Comment fonctionne un produit structuré ?

Un produit structuré est un instrument financier conçu et émis par une banque ou une compagnie d’assurance. Il repose sur la combinaison de plusieurs actifs ou instruments financiers tels que des obligations, des actions ou encore des options pour offrir une capital protégé tout en bénéficiant d’un rendement attractif. Ici on parle donc du dyptique rendement/risque défini en amont.

Concrètement, il s’agit d’un placement financier qui est adossé à plusieurs sous-jacents dont la performance conditionne le rendement cible selon un scénario de marché prédéterminé, tout en limitant le risque de perte. Il constitue ainsi un outil de diversification de portefeuille et une alternative aux placements financiers traditionnels.

Quelles sont les composantes d’un produit structuré ?

Le produit structuré se compose de plusieurs éléments essentiels pour son fonctionnement :

  • D’une part, une composante obligataire garantissant tout ou partie de l’investissement à l’échéance.
  • D’autre part, un ou plusieurs sous-jacents, en tant qu’instruments financiers, permettent de déterminer la performance potentielle du produit. Ils peuvent prendre la forme d’une action, d’un indice de référence, d’une devise ou d’un panier d’actions comme le CAC 40 ou le MSCI World.
  • Enfin, des produits dérivés telle que des options peuvent être associées pour optimiser le rendement prédéterminé ou renforcer la protection. Ces derniers sont liés au cours, à la clôture ou à une ligne de marché.

Les produits structurés ont pour but d’atteindre un rendement déterminé à l’avance dont la réalisation repose sur une formule construite à partir de ces différentes composantes qui permettent de gérer le risque de marché tout en visant une performance encadrée. Le but de cet investissement est d’avoir la possibilité d’investir sur les marchés financiers avec une maitrise du dyptique risque-rendement

Une visibilité encadrée grâce au DIC

Chaque produit dispose d’un document d’information clé (DIC) qui est garant de la transparence de cet investissement. Ce document précise la liste des informations notamment :

  • Le ou les sous-jacents de référence ;
  • Le rendement cible (atteint à maturité du produit ou périodiquement) ;
  • La durée de l’investissement qui est généralement un engagement de 5 à 10 ans ;
  • Le détail des modalités quant à la rémunération et sa perception ;
  • Le suivi de la performance du sous-jacent qui sera comparé à l’objectif prédéterminé ;
  • Les modalités de souscription du produit et les frais qui en découlent ;
  • Le degré de protection de l’investissement qui peut être total, partiel ou inexistant selon la typologie ; du produit ainsi que la présence d’éventuels dispositifs spécifiques telle que des barrières de protection.

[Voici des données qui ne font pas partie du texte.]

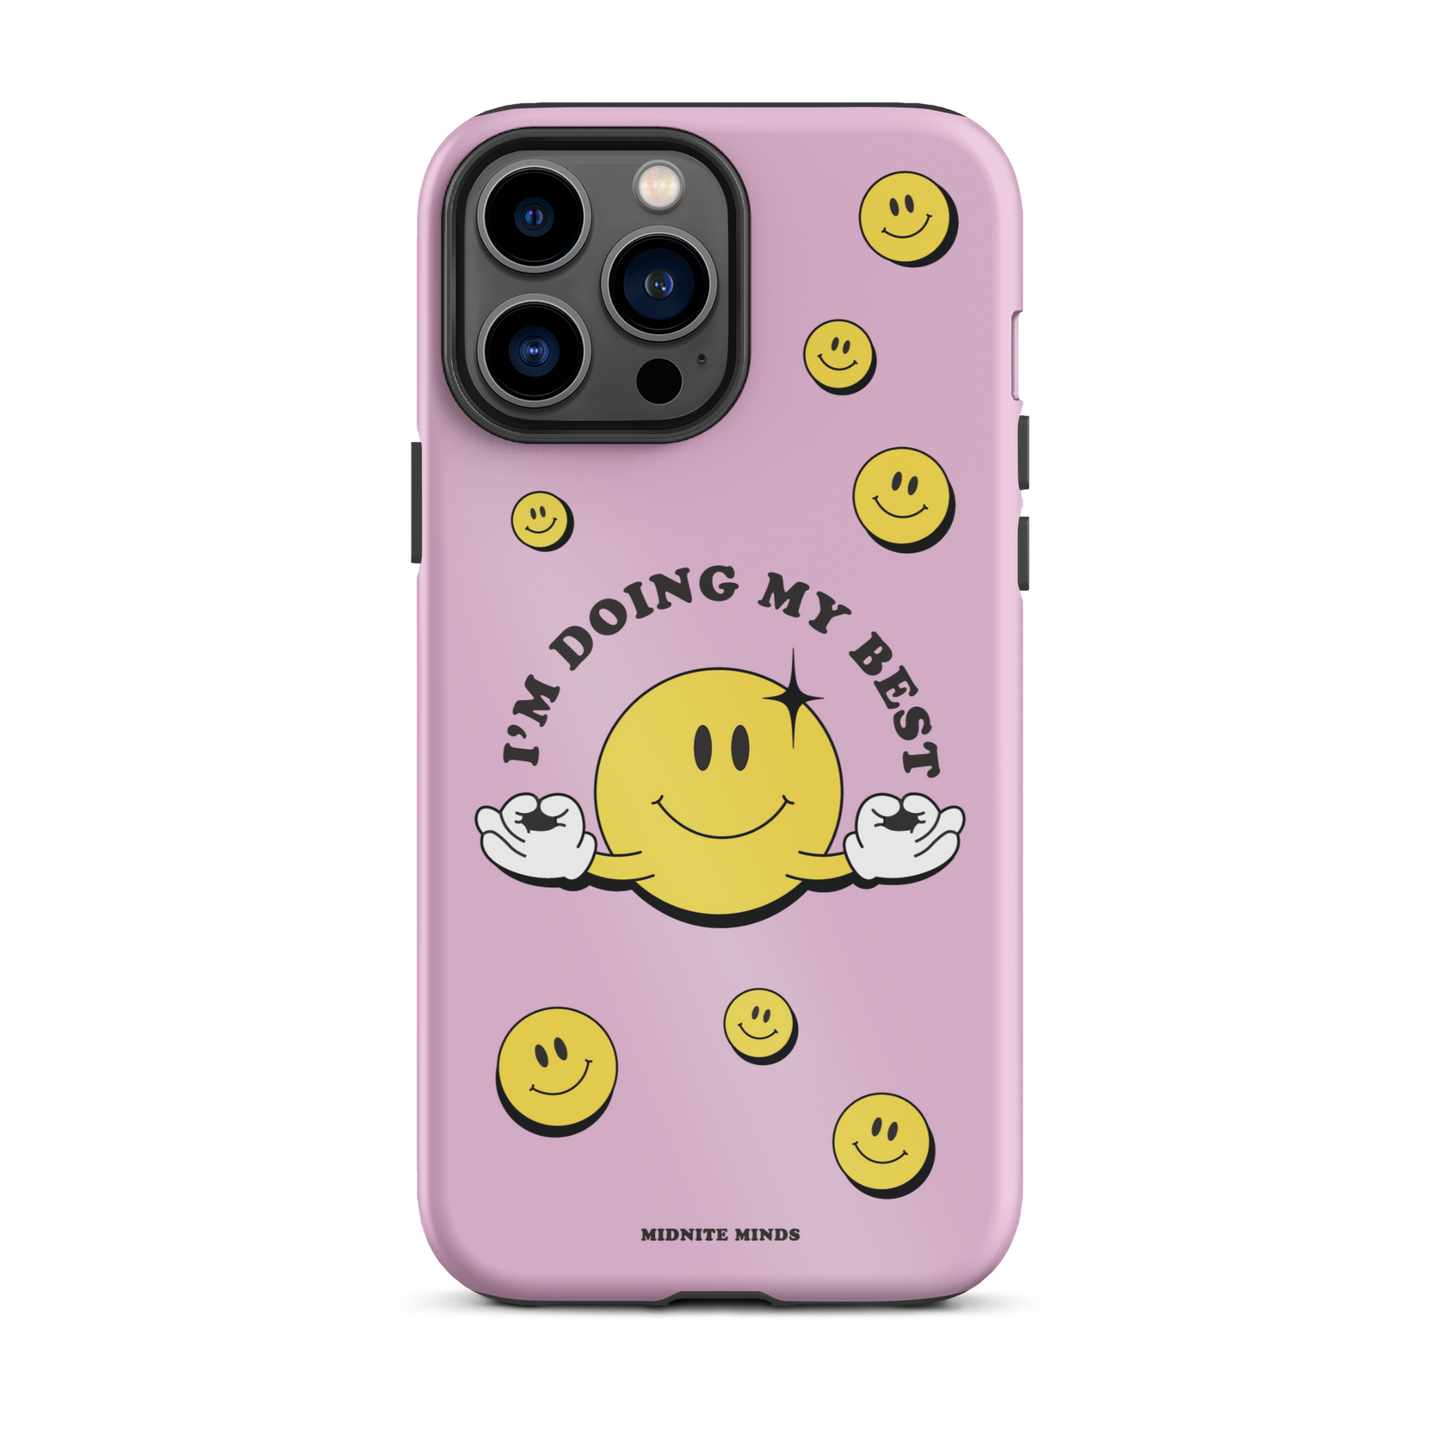 iphone case, pink iphone case, pink phone case, smiley face phone case

Les différentes catégories de produits structurés

On peut différencier les produits structurés selon le degré de protection du capital investi et le calcul de leur rendement. Il existe donc plusieurs types de produits structurés.

Une garantie totale du capital

Cette catégorie de fonds permet de restituer intégralement le capital investi à la date d’échéance du produit indépendamment du cours du marché et donc de la performance du sous-jacent. Autrement dit, par exemple, pour un investissement de 10 000 euros sur 8 ans, vous récupérez la totalité de cette somme à la fin de la période, soit au bout des 8 années.

En contrepartie, le rendement est généralement plus modeste car une partie de l’investissement est allouée à des actifs plus sécurisés comme des obligations dont l’objectif principal est de protéger le capital plutôt que de maximiser la performance.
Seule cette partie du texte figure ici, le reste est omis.